Afghanistan : la trahison des talibans
A leur retour au pouvoir à Kaboul en août 2021, les dirigeants islamistes avaient entretenu l’espoir d’un plus grand respect des droits humains, en particulier ceux des femmes. Il faut déchanter. L’aile dure du mouvement l’a emporté.
Le contexte
Dix mois après leur reconquête de Kaboul et la fuite des dernières forces étrangères, les talibans imposent une vision très radicale de leur idéologie aux Afghans et aux Afghanes. Dernière illustration en date, l’imposition de la burqa ou d’un voile ne montrant que les yeux pour les femmes. Cette évolution dément les promesses des dirigeants islamistes à leur retour au pouvoir. «Les femmes sont un élément essentiel de la société et nous leur garantissons tous leurs droits, dans les limites de l’islam», avait assuré, le 17 août 2021, le porte-parole des talibans, Zabihullah Mujahid.
Que devient l’Afghanistan? A deux mois du premier anniversaire de la chute de Kaboul aux mains des talibans, la désillusion a submergé la timide espérance qu’avaient suscité la fin de la guerre et la promesse du respect des droits humains par les «étudiants en théologie» revenus au pouvoir après une première expérience mortifère entre 1996 et 2001. Les talibans n’ont pas changé. Les informations en provenance de Kaboul ces dernières semaines témoignent de la descente aux enfers du pays.
Le 11 juin, un attentat contre un minibus a coûté la vie à quatre personnes à Kaboul. Accueillis avec bienveillance par une partie de la population en août 2021 pour la garantie de sécurité qu’ils offraient, les talibans peinent à satisfaire cette demande. Si les violences ont globalement diminué depuis dix mois, elles ont à nouveau monté en intensité fin avril et fin mai. Des attaques terroristes ont touché Kaboul, Mazar-i-Sharif au nord et Kunduz au nord-est, faisant des dizaines de morts dans des mosquées ou des transports en commun. Elles seraient le fait de l’organisation Etat islamique au Khorasan, filiale de Daech. Mais leur localisation limitée tendrait à démontrer que l’organisation islamiste n’a peut-être pas les moyens d’étendre son pouvoir de nuisance à d’autres régions du pays.
A deux mois du premier anniversaire de la chute de Kaboul, la désillusion a submergé la timide espérance qu’avait suscité la fin de la guerre.

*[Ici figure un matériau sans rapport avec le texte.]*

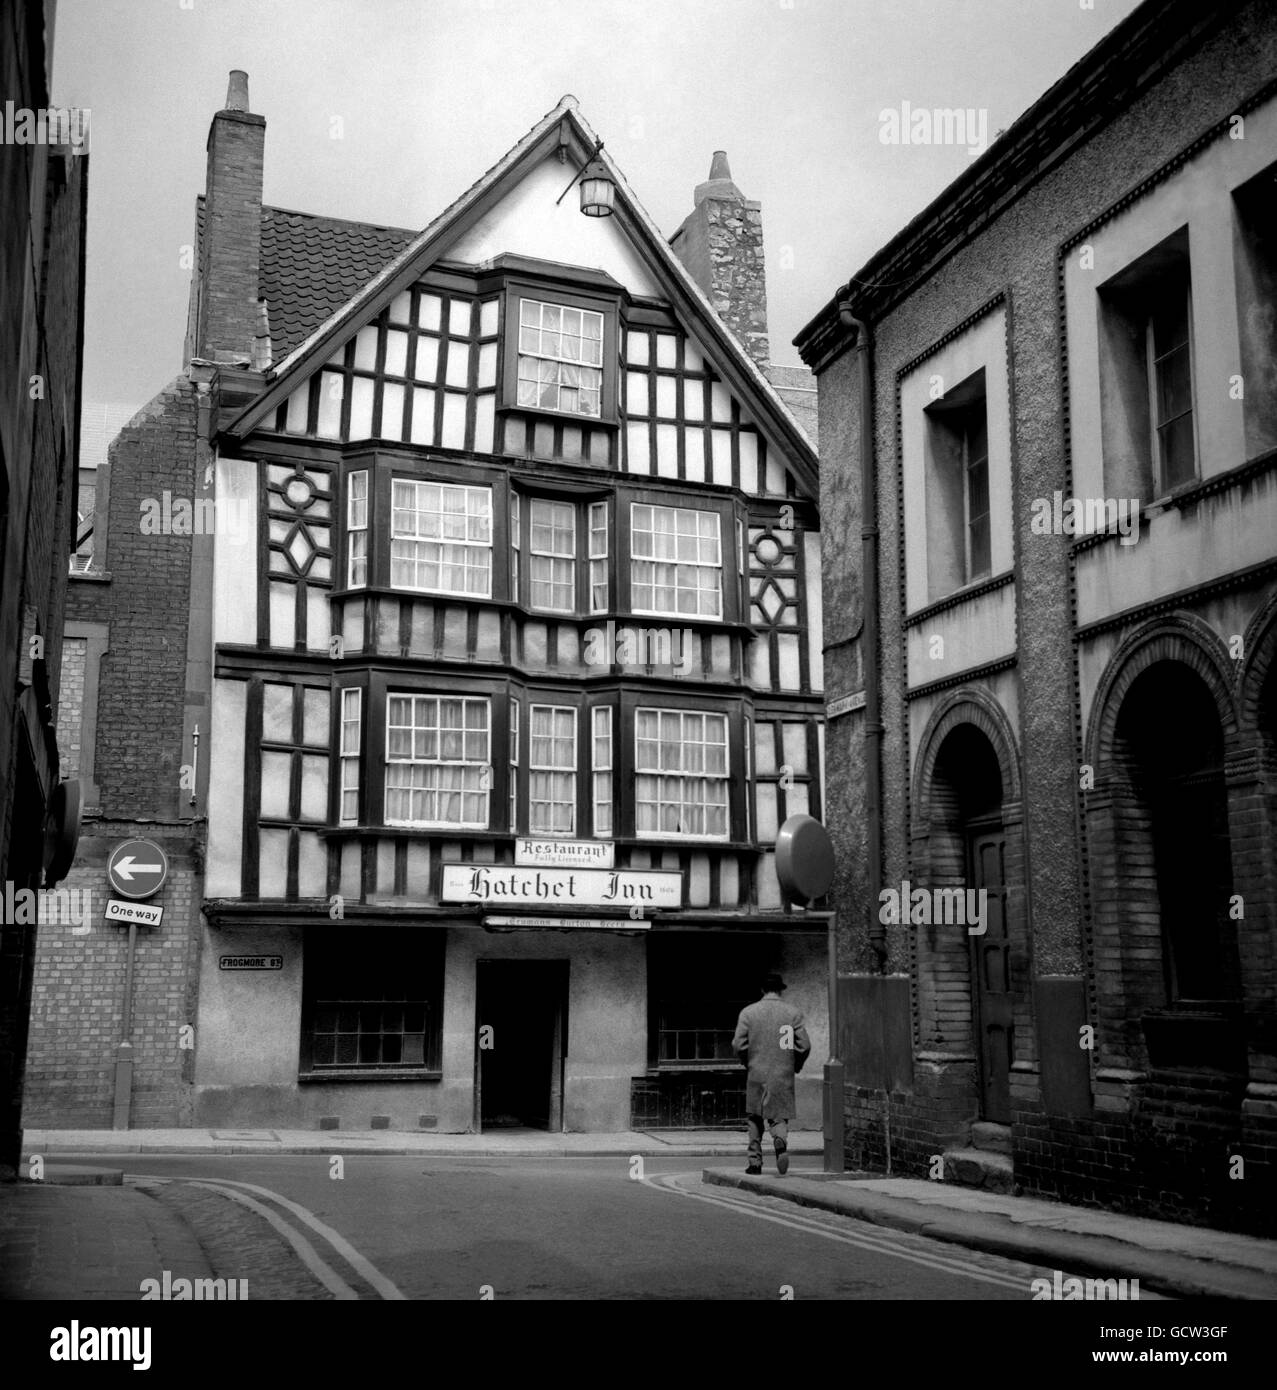 Aus struktureller Sicht ist das „Hatchet“ das älteste Gasthaus in Bristol. Lange vor dem Jahr 1606, als das Gebäude zum Gasthaus wurde, stand die Hatchet als Frogmore Farm und gab der Straße, auf der sie steht, ihren Namen. Stockfoto

La vente d’enfants par des familles défavorisées connaîtrait une recrudescence. En cause, les premiers signes d’une famine à grande échelle. Economie en ruine et réduction de l’aide internationale font que 70% des Afghans ne peuvent plus satisfaire à leurs besoins alimentaires. Vingt-quatre des quelque 38 millions d’habitants du pays auraient besoin d’une aide humanitaire d’urgence. Des agences de l’ONU continuent à y subvenir, en partie.

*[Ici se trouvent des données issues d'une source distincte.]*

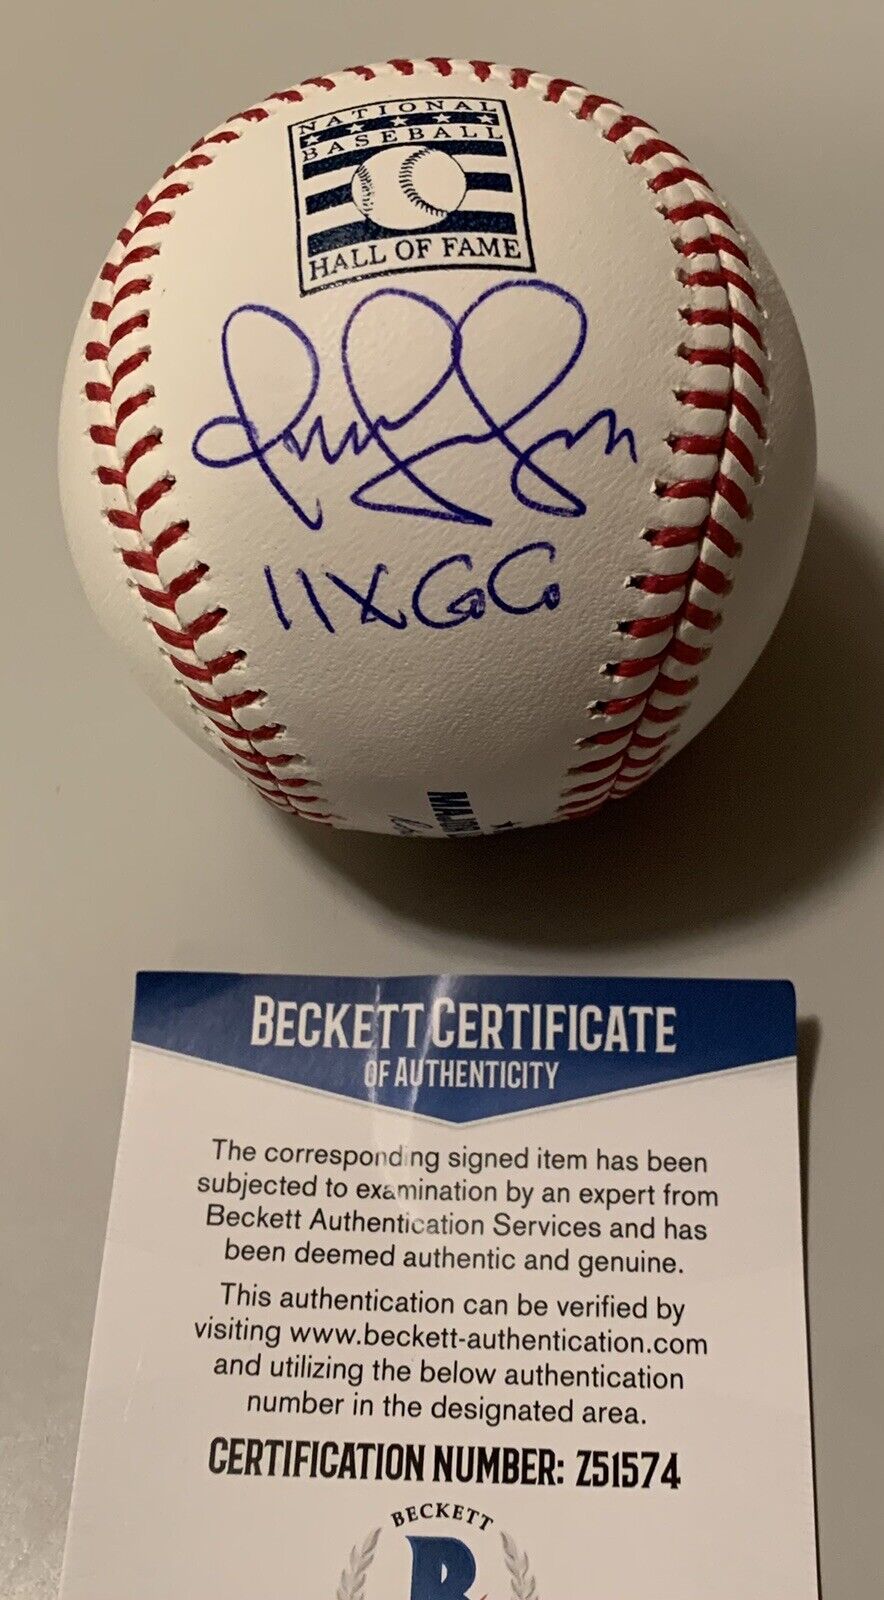 Omar Vizquel Cleveland Indians “11 X GG” Signed Major League Baseball Beckett

Le 29 mai, une vingtaine de femmes ont manifesté à Kaboul pour réclamer le respect de leurs droits. Elles ont été rapidement dispersées par un groupe de talibans. Depuis le 7 mai, le port du voile intégral est à nouveau imposé aux femmes dans les lieux publics. Cette mesure s’ajoute à l’interdiction faite aux filles d’aller à l’école, aux restrictions de déplacement, à l’exclusion des emplois dans le service public et à la recommandation faite, pour parachever le tout, de… rester à la maison. Les droits des femmes n’ont donc cessé d’être restreints par des dirigeants islamistes qui avaient pourtant donné des gages de leurs «bonnes» intentions dans ce domaine à leur arrivée au pouvoir. Leur respect était devenu la condition de leur reconnaissance par la communauté internationale. Les talibans ont-ils opté pour l’isolement?